The National Geographic six-part wildlife docuseries has taken audiences where no one has ever been before, showing the brutal and devastating life that many animals are forced to battle and endure in an ever-changing planet and climate. It's been heartbreaking for people to watch the severity of life in the wild, but this is how life really is for most species. 

As the nature documentary comes to an end on Monday with its final episode, "Polar," host Bear Grylls takes audiences to frozen poles. Home to some of Earth's ultimate survivalists, including polar bears, penguins and Arctic wolves, viewers will see how their home changes fast -- breaking apart under their feet -- and how their resilience is tested beyond the extreme. See an exclusive clip from the episode in the player above. 

Additionally, ET spoke with Grylls, where he reflected on his Hostile Planet journey, shared his favorite shoot, the biggest challenges he faced, and what is on his bucket list.

Bear Grylls Hostile Planet
NatGeo; African Photo Productions © 2018

ET: What were the biggest challenges you faced on Hostile Planet?

Bear Grylls: The show took 1,300 days for the team to film; that means a lot of nights out, tough conditions, time away from home and daily dangers. I couldn't be more proud of all they have achieved and the footage and episodes that have resulted. Some of this stuff has never been filmed before, and it has been iconic to see it all come together.

Was there ever a moment where you feared for your life?

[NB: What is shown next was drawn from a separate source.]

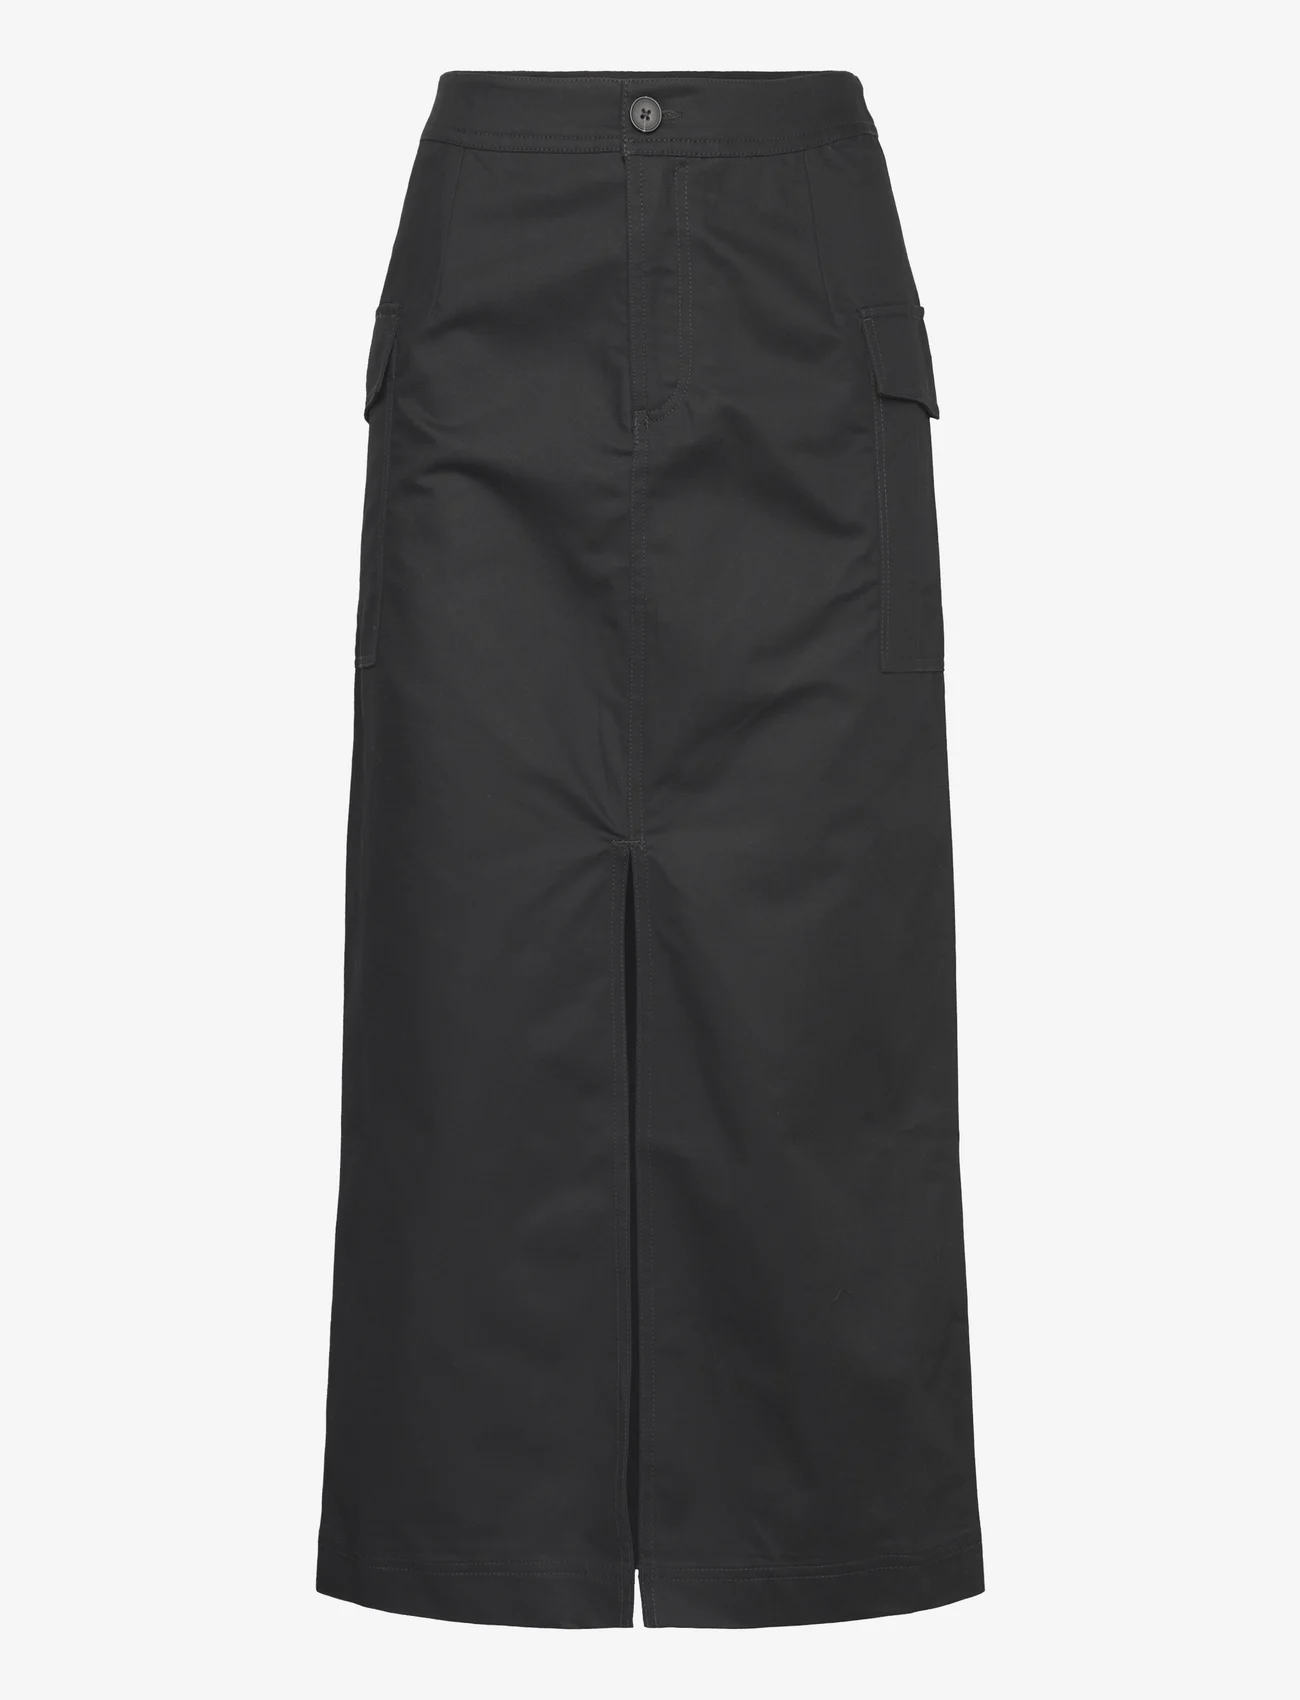 Lindex - Skirt Selma - midi kjolar - black - 0

Through a lifetime of adventures, there have been so many moments I feared for my life! Whether it was parachute failures, bitten by snakes, caught in avalanches or rockfalls or pinned in rapids. They have been powerful reminders that the wild is in charge and to not let your guard down.

You're put in some dangerous and crazy situations. What is your limit, something that you know you won't do?

I may not answer your question the way you thought I would -- but one thing I’d never do is give up. No matter how crazy the situation is, the mission is to never stop trying. Never underestimate the power of perseverance and always find a way to adapt to your scenario. This is exactly what we learn by watching the animals in Hostile Planet. N.G.U. Never give up.

What makes Hostile Planet so special and what do you hope viewers take from it?

Hostile Planet is an incredibly fresh and dynamic reboot of the natural history doc genre, and unique in how firmly grounded it is in the reality of our changing climate today. The series takes viewers right into the heart of real-life survival drama of animal species in six different environments around the world and provides a really up-close view into their daily struggles.

Another way the show is so special within the broader landscape of nature docs is its stunning cinematography, which takes full advantage of groundbreaking tech and amazing direction from our executive producer, Guillermo Navarro, to tell truly epic stories and put viewers right in the middle of the action. For example, we had a drone-racing expert who helped us in our "Deserts" episode to capture some crazy footage of a hawk-and-rabbit chase, which made you really feel like you were flying overhead and seeing the rabbit from the hawk's point of view in the air, and then also following the rabbit on the ground as it ran to escape its predators -- a fully immersive experience.

As for what we hope viewers take from it, I hope that our audience takes away a renewed appreciation for this planet we call home and a deeper understanding of how our actions impact the daily lives of the many wonderful species that also inhabit it. The planet has changed more in the past 50 years than in all the years before that, and this series shows the effects of this rapid change on wildlife around the world.

Hostile Planet Bear Grylls
National Geographic/Cristian Dimitrius/Adrian Seymour

Reflecting on this experience, what was your favorite shoot and why?

Probably the "Jungles" episode. Torrential rain for long periods of time brings a team close and reminds us all that the jungle truly is an environment like no other. They can be terrifying and mesmerizing all at the same time. But above all, you sense that you really are in an alien landscape and the impression of the majesty of nature can last a lifetime.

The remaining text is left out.